Previous publications in this field—including the 2007 NICE guidance—often read as if those allowed into an exclusive club were reviewing, approving, and citing each others’ works. No one in a position of authority appears to have seriously pushed back against the self-serving assumptions and methodological missteps that mar many of these publications. Perhaps this sort of coddling is why some of these investigators appear incapable of presenting coherent explanations for such startling anomalies as the inclusion in a study of participants who are already “recovered” on key variables at baseline.
Instead, these investigators respond that the various concerns have all been addressed multiple times. They maintain that others are misrepresenting what they wrote. They repeat stories about being targeted by aggressive patients. In the UK, these diversionary tactics have often helped to stifle honest debate.
As others move on…
Elsewhere, the scientific community has intensified the search for biomedical causes and treatments while moving beyond the shortcomings of PACE and other GET/CBT studies. The US Centers for Disease Control and Prevention removed these two interventions from its recommendations more than a year ago, given the lack of convincing evidence to support claims of effectiveness. That does not mean, of course, that no one has ever benefited from them, including some people diagnosed with some variant of the illness or cluster of illnesses under the ME/CFS umbrella. It means that the available data do not justify presenting them in clinical guidelines or public health recommendations as the standard-of-care or as “evidence-based” treatments.
UK authorities have stonewalled these issues, as I know from my own three-year effort to breach this alternate zone of reality. Heavy-weights and grandees still applaud PACE and other GET/CBT studies as high quality research. I assume some of these smart people do not understand that they are wrong.
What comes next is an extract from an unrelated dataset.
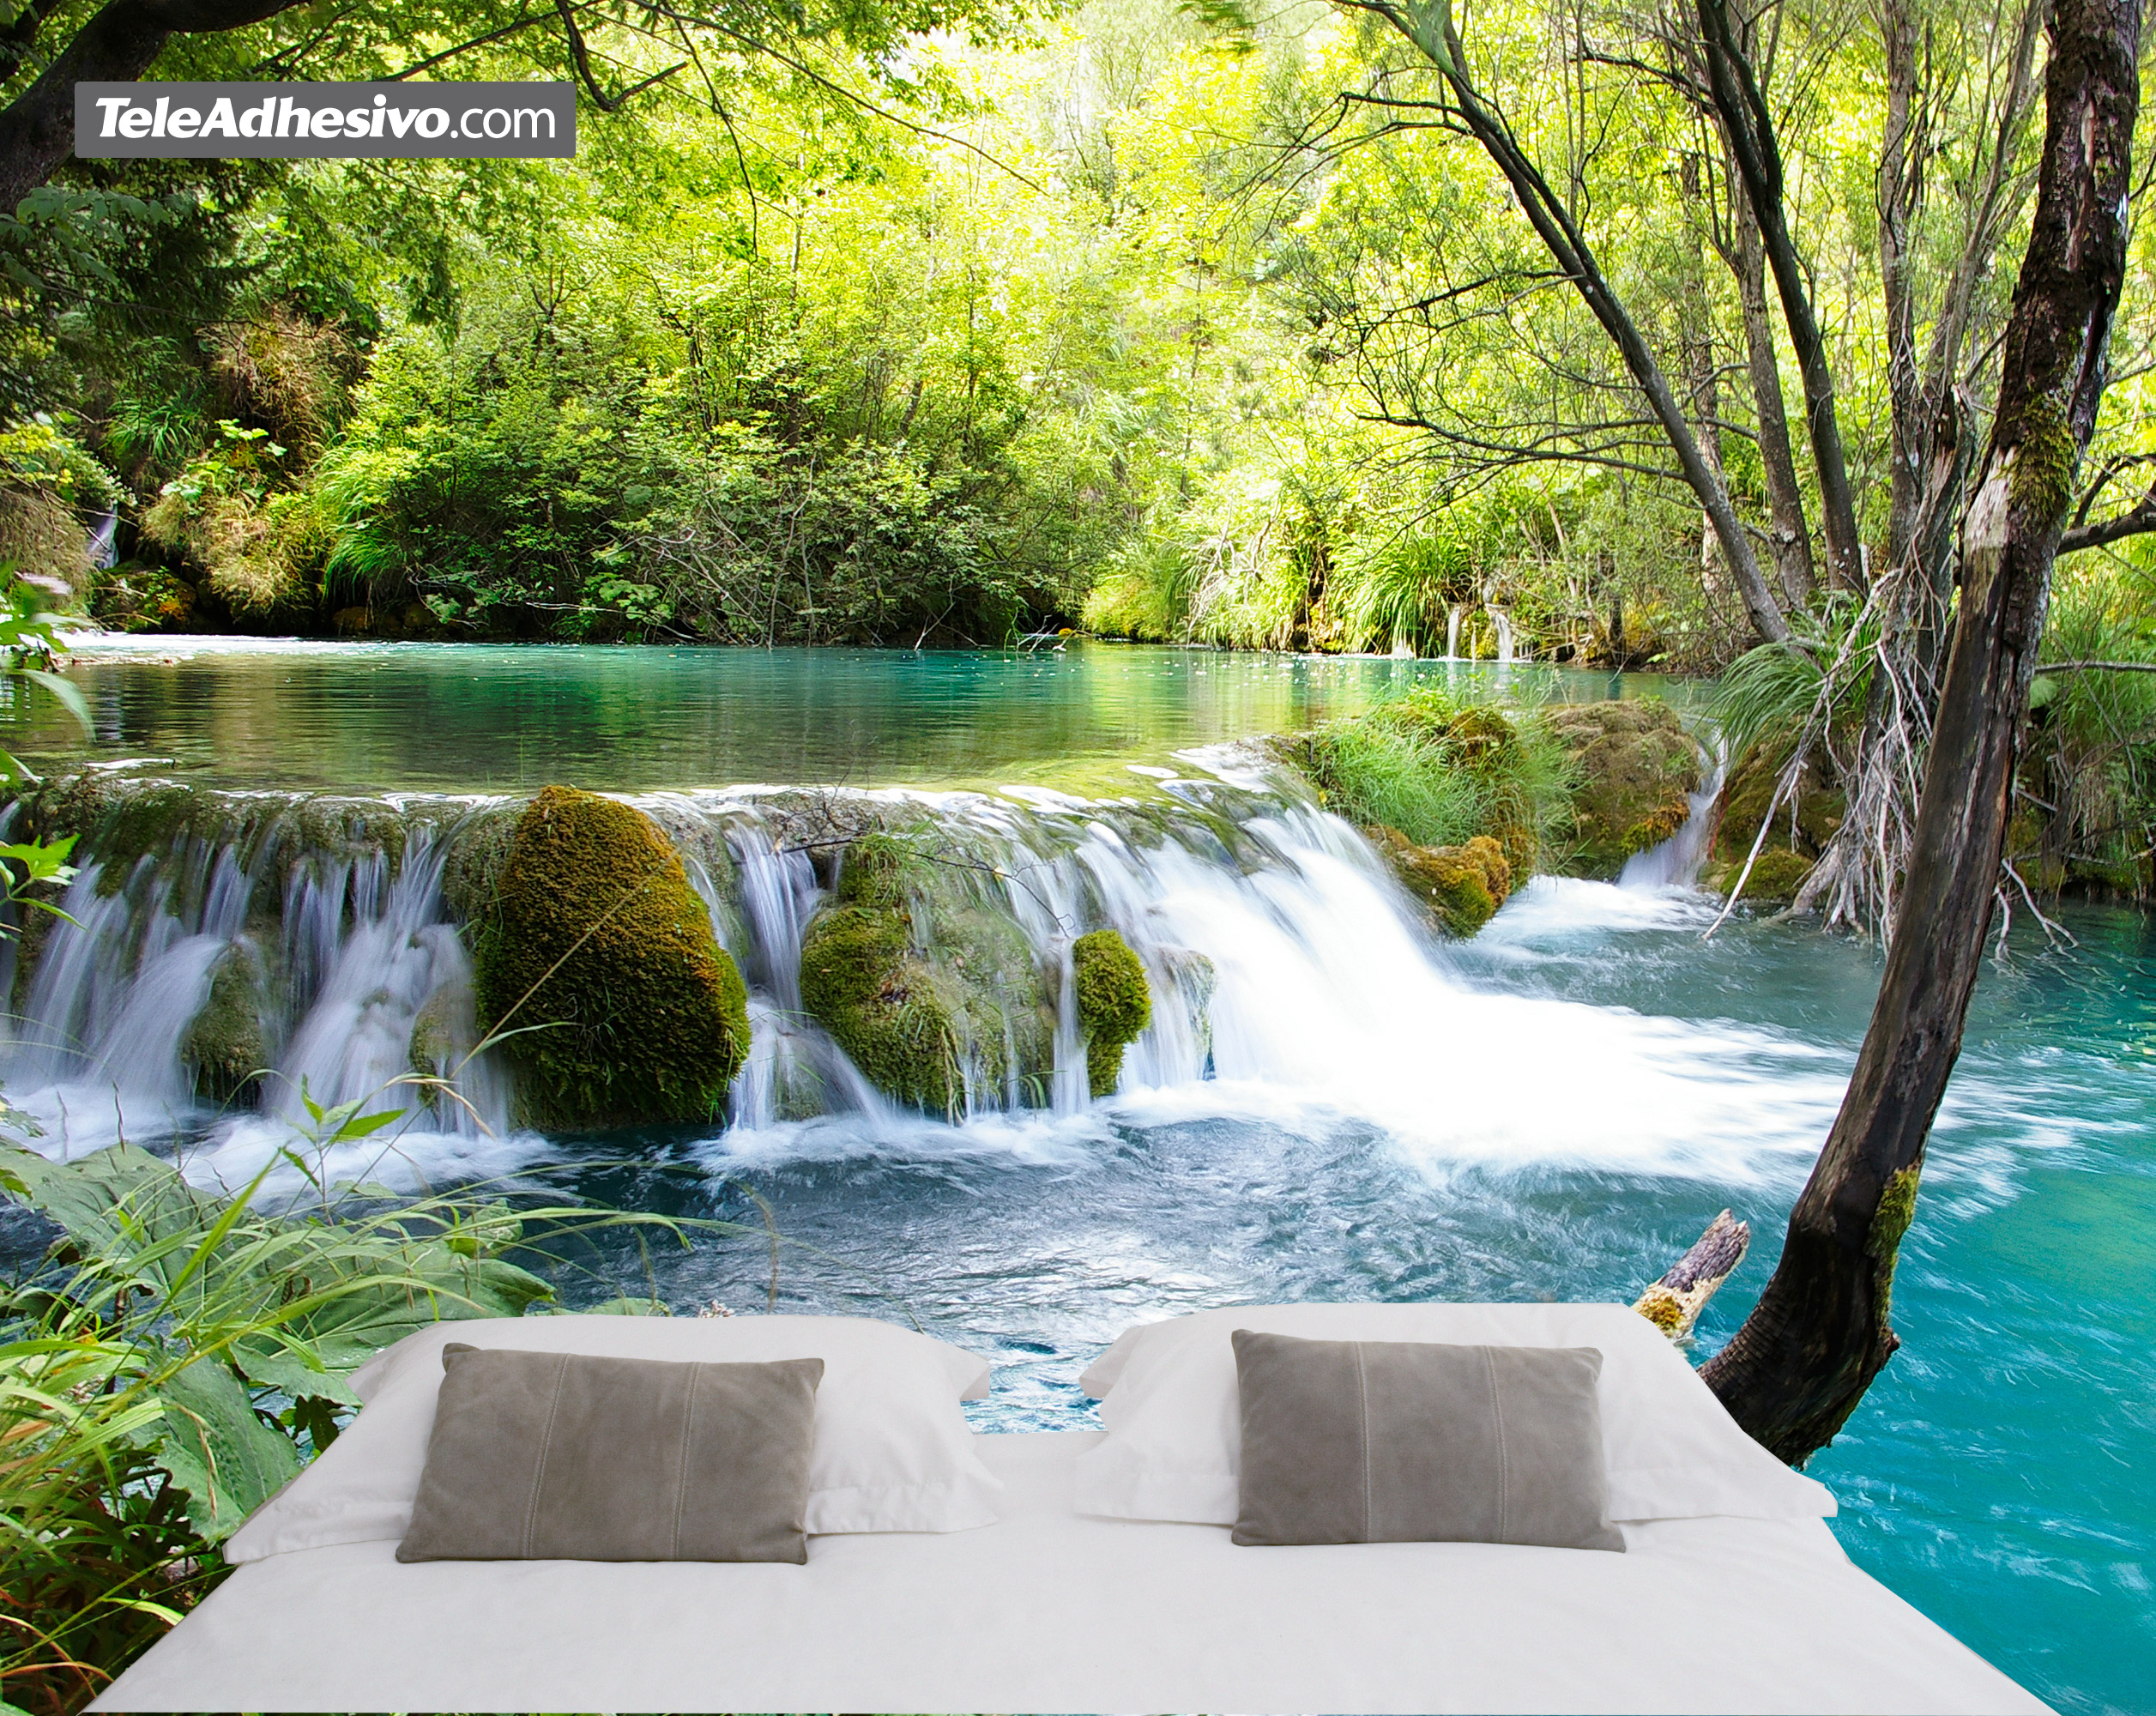 Rio con salto de agua for Fotomurales pared paisajes

Perhaps the NICE process could be a turning point, if it evolves into a forum for assessing the science with real-world metrics and standards.
These standards would have to include what should be a non-controversial point–that studies in which participants have met outcomes thresholds at baseline cannot be taken seriously. Another non-controversial point should be that open-label trials relying on subjective outcomes are at high risk of bias—especially when the treatments themselves include claims that they are already proven to be effective. A third non-controversial point should be that patients and others have a right to raise issues about research and file freedom-of-information requests without being labeled “vexatious” or anti-scientific.
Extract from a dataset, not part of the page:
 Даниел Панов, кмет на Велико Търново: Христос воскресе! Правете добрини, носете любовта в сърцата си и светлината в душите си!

In fact, a robust debate about ME/CFS treatments rooted in scientific principles would be welcome, since such a debate has been largely absent in the UK. But it would require the NICE committee to include, in addition to a group of apparent GET/CBT proponents, a comparable cohort of biomedical professionals with some knowledge of clinical trials—that is, experts capable of rebutting claims of treatment effectiveness that exceed the evidence. The current list of committee members seems slim on that front. NICE should address this apparent discrepancy if it has any hope or expectation that the new guidance might prove credible and acceptable to a broad audience of clinicians, patients, care-givers, and others.